• [WHAT THE EXERCISE ASKS]: Starting with the line that contains "Lemon balm aromatic", write out each line through the end of the listing, unchanged. Output nothing else.
/---
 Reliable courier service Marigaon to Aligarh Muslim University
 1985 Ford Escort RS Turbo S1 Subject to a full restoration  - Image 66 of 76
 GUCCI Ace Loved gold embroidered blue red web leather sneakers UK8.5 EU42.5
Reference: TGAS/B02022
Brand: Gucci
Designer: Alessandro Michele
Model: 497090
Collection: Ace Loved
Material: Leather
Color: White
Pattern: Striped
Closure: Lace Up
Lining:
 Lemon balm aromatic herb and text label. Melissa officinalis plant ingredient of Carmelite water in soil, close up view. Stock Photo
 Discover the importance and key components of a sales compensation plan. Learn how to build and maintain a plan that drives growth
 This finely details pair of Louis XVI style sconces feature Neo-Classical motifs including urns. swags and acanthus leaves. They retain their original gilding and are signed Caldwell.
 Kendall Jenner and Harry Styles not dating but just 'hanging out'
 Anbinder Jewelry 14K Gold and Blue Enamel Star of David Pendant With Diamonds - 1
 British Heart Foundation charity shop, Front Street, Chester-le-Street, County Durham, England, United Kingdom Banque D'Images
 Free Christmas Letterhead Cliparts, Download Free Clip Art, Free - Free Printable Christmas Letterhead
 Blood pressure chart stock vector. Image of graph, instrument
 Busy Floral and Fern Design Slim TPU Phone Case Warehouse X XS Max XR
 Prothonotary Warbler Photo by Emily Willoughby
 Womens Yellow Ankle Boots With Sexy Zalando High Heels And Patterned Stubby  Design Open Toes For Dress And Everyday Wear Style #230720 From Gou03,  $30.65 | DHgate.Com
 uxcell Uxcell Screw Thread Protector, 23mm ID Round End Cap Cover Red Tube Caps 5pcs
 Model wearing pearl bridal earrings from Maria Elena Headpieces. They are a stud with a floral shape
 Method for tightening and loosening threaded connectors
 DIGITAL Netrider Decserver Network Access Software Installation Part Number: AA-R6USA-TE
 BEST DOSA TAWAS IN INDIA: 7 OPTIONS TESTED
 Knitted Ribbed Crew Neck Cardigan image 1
\---
• [OUTPUT OF THE EXERCISE]:
 Lemon balm aromatic herb and text label. Melissa officinalis plant ingredient of Carmelite water in soil, close up view. Stock Photo
 Discover the importance and key components of a sales compensation plan. Learn how to build and maintain a plan that drives growth
 This finely details pair of Louis XVI style sconces feature Neo-Classical motifs including urns. swags and acanthus leaves. They retain their original gilding and are signed Caldwell.
 Kendall Jenner and Harry Styles not dating but just 'hanging out'
 Anbinder Jewelry 14K Gold and Blue Enamel Star of David Pendant With Diamonds - 1
 British Heart Foundation charity shop, Front Street, Chester-le-Street, County Durham, England, United Kingdom Banque D'Images
 Free Christmas Letterhead Cliparts, Download Free Clip Art, Free - Free Printable Christmas Letterhead
 Blood pressure chart stock vector. Image of graph, instrument
 Busy Floral and Fern Design Slim TPU Phone Case Warehouse X XS Max XR
 Prothonotary Warbler Photo by Emily Willoughby
 Womens Yellow Ankle Boots With Sexy Zalando High Heels And Patterned Stubby  Design Open Toes For Dress And Everyday Wear Style #230720 From Gou03,  $30.65 | DHgate.Com
 uxcell Uxcell Screw Thread Protector, 23mm ID Round End Cap Cover Red Tube Caps 5pcs
 Model wearing pearl bridal earrings from Maria Elena Headpieces. They are a stud with a floral shape
 Method for tightening and loosening threaded connectors
 DIGITAL Netrider Decserver Network Access Software Installation Part Number: AA-R6USA-TE
 BEST DOSA TAWAS IN INDIA: 7 OPTIONS TESTED
 Knitted Ribbed Crew Neck Cardigan image 1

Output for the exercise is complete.